11.1 Integer Literals

  • Integer literals represent whole number values
  • Their default type is int, but suffixes can change the type
// decimal literals (base 10)
42;   // int
0;    // int
1000; // int

// octal literals (base 8)
052;  // int (42 in decimal)
0777; // int (511 in decimal)

// hexadecimal literals (base 16)
0x2A;   // int (42 in decimal)
0xFF;   // int (255 in decimal)
0XABCD; // int (43981 in decimal)

// binary literals (base 2)
0b101010; // int (42 in decimal)
0B1111;   // int (15 in decimal)

// integer suffixes (case-insensitive)
42U;   // unsigned int
42L;   // long
42UL;  // unsigned long
42LL;  // long long
42ULL; // unsigned long long

// digit separators for readability
1'000'000;   // 1000000
0b1010'0101; // binary with separator
0x00FF'ABCD; // hexadecimal with separator

Best practices:

  • Use digit separators ' for large numbers to improve readability
  • Use hexadecimal for bit masks and flags
  • Use binary literals for bit patterns when clarity is important
  • Avoid octal literals as they can be confused with decimal (leading zero)
  • Use suffixes to prevent unexpected type conversions

11.2 Floating-Point Literals

  • Floating-point literals represent real numbers with fractional parts
  • Their default type is double, but suffixes can change the type
// basic floating-point literals
3.14;    // double
0.5;     // double
.5;      // double (0.5)
5.;      // double (5.0)
123.456; // double

// scientific notation (exponent: E or e)
1e10;    // double (10000000000.0)
2.5e-3;  // double (0.0025)
6.02E23; // double (602000000000000000000000.0)
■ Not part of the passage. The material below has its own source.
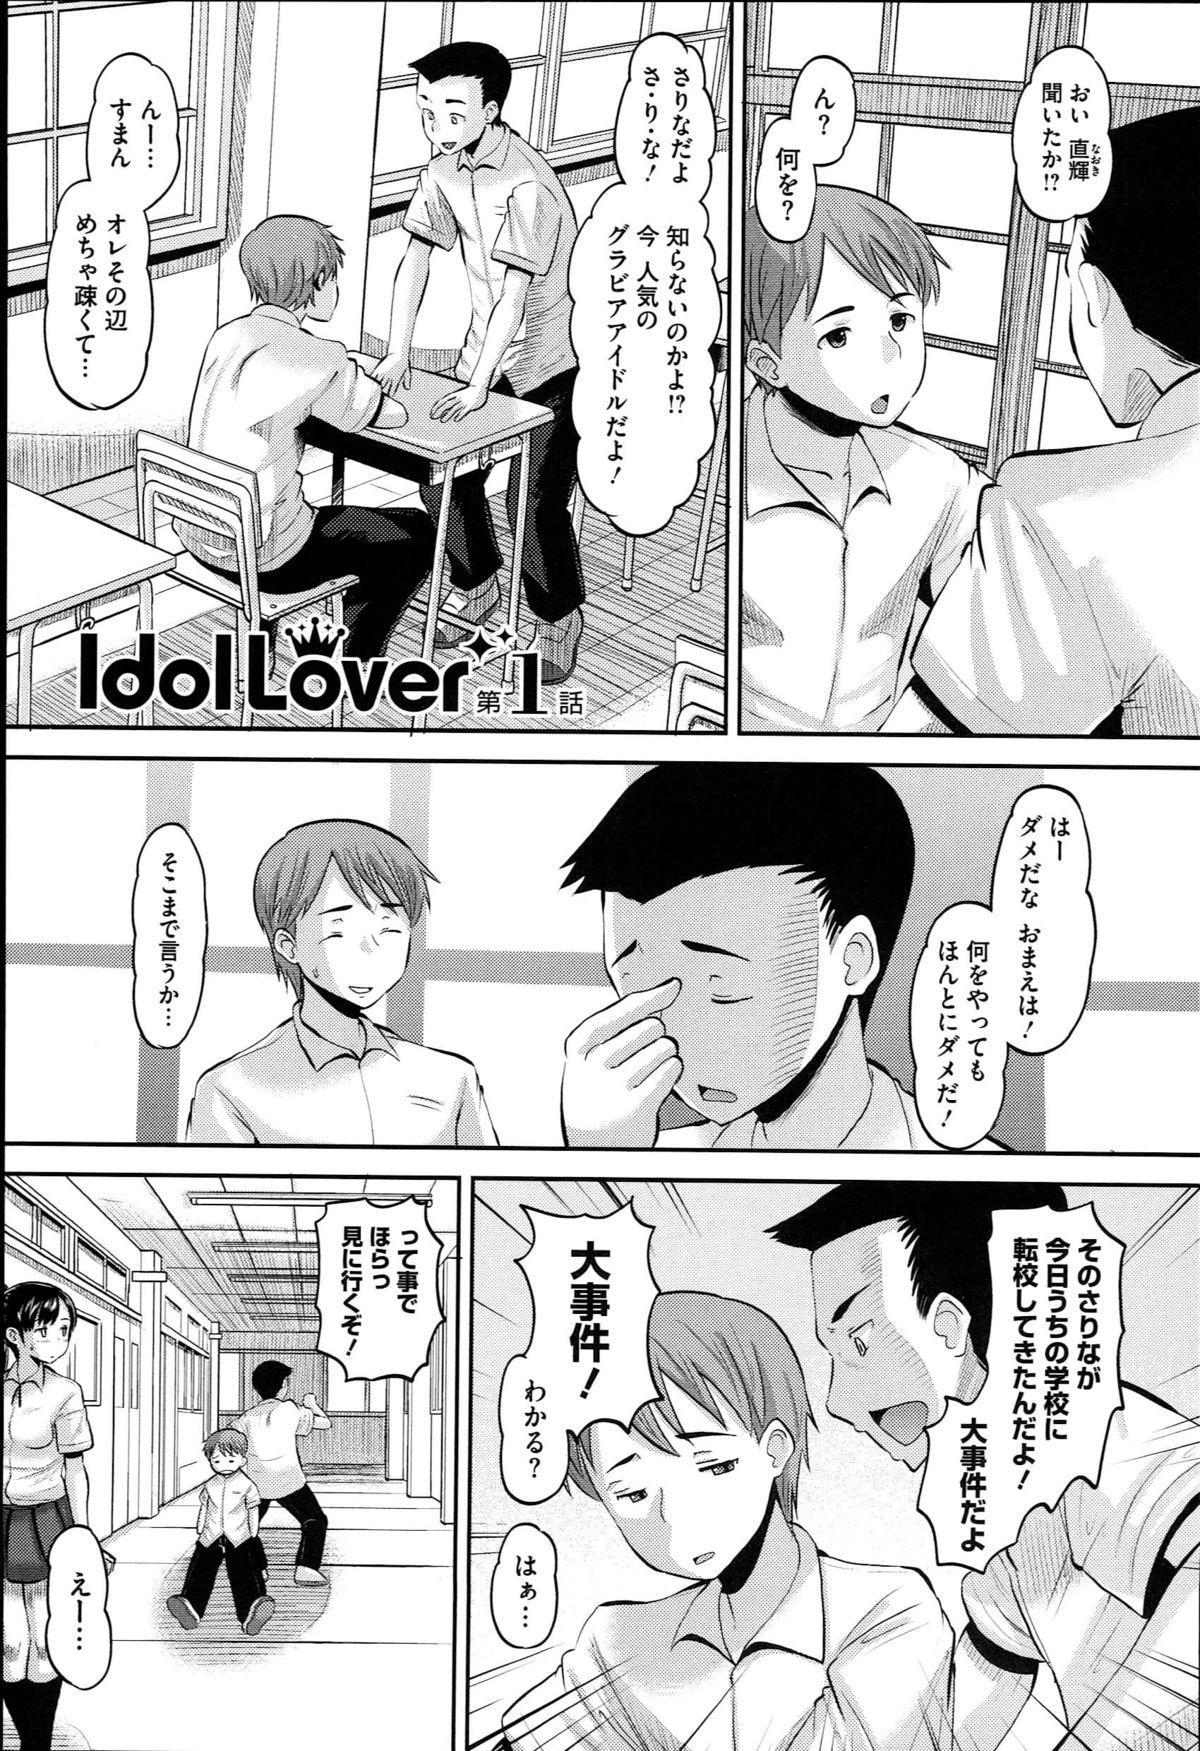 Idol Lover 6

// floating-point suffixes
3.14F; // float (or 3.14f)
3.14L; // long double (or 3.14l)

// digit separators for readability
1'000.5;         // 1000.5
6.022'140'76e23; // Avogadro's number with separators

// hexadecimal floating-point literals
0x1.2p3;  // double (9.0 in decimal: 1.125 * 2^3)
0x1.fp10; // double (1984.0 in decimal)

Best practices:

  • Use F suffix for float literals to avoid implicit double-to-float conversions
  • Prefer double over float for general-purpose floating-point arithmetic
  • Use scientific notation for very large or very small numbers
  • Be aware that floating-point literals are approximations

11.3 Boolean Literals

  • Boolean literals represent truth values
true;  // bool (1)
false; // bool (0)

// usage
bool isValid = true;
bool hasError = false;

11.4 Character Literals

  • Character literals represent single characters enclosed in single quotes
  • Type is char by default, but prefixes can change that
// basic character literals
'a'; // char
'Z'; // char
'5'; // char
'@'; // char
' '; // space character

// escape sequences for special characters
'\n'; // newline
'\t'; // horizontal tab
'\r'; // carriage return
'\b'; // backspace
'\f'; // form feed
'\v'; // vertical tab
'\0'; // null character
'\\'; // backslash
'\''; // single quote
'\"'; // double quote
'\?'; // question mark (avoid trigraphs)

// numeric escape sequences
'\x41'; // hexadecimal (character 'A')
'\101'; // octal (character 'A')

// wide character literals
L'A';      // wchar_t
L'\u00E9'; // wchar_t (é)

// UTF character literals
u8'a'; // char (UTF-8)
u'A';  // char16_t (UTF-16)
U'A';  // char32_t (UTF-32)

// universal character names (Unicode code points)
'\u0041';     // char ('A')
'\U00000041'; // char ('A')

Best practices:

  • Use escape sequences for non-printable characters
  • Prefer named escape sequences (\n, \t) over numeric codes for readability
  • Use Unicode escape sequences (\u, \U) for international characters
  • Be aware that character literals are integers and can be used in arithmetic

11.5 String Literals

  • String literals represent sequences of characters enclosed in double quotes
  • Type is array of const char with null terminator by default
// basic string literals
"Hello";         // const char[6] (includes '\0')
"Hello, World!"; // const char[14]
"";              // empty string: const char[1] (just '\0')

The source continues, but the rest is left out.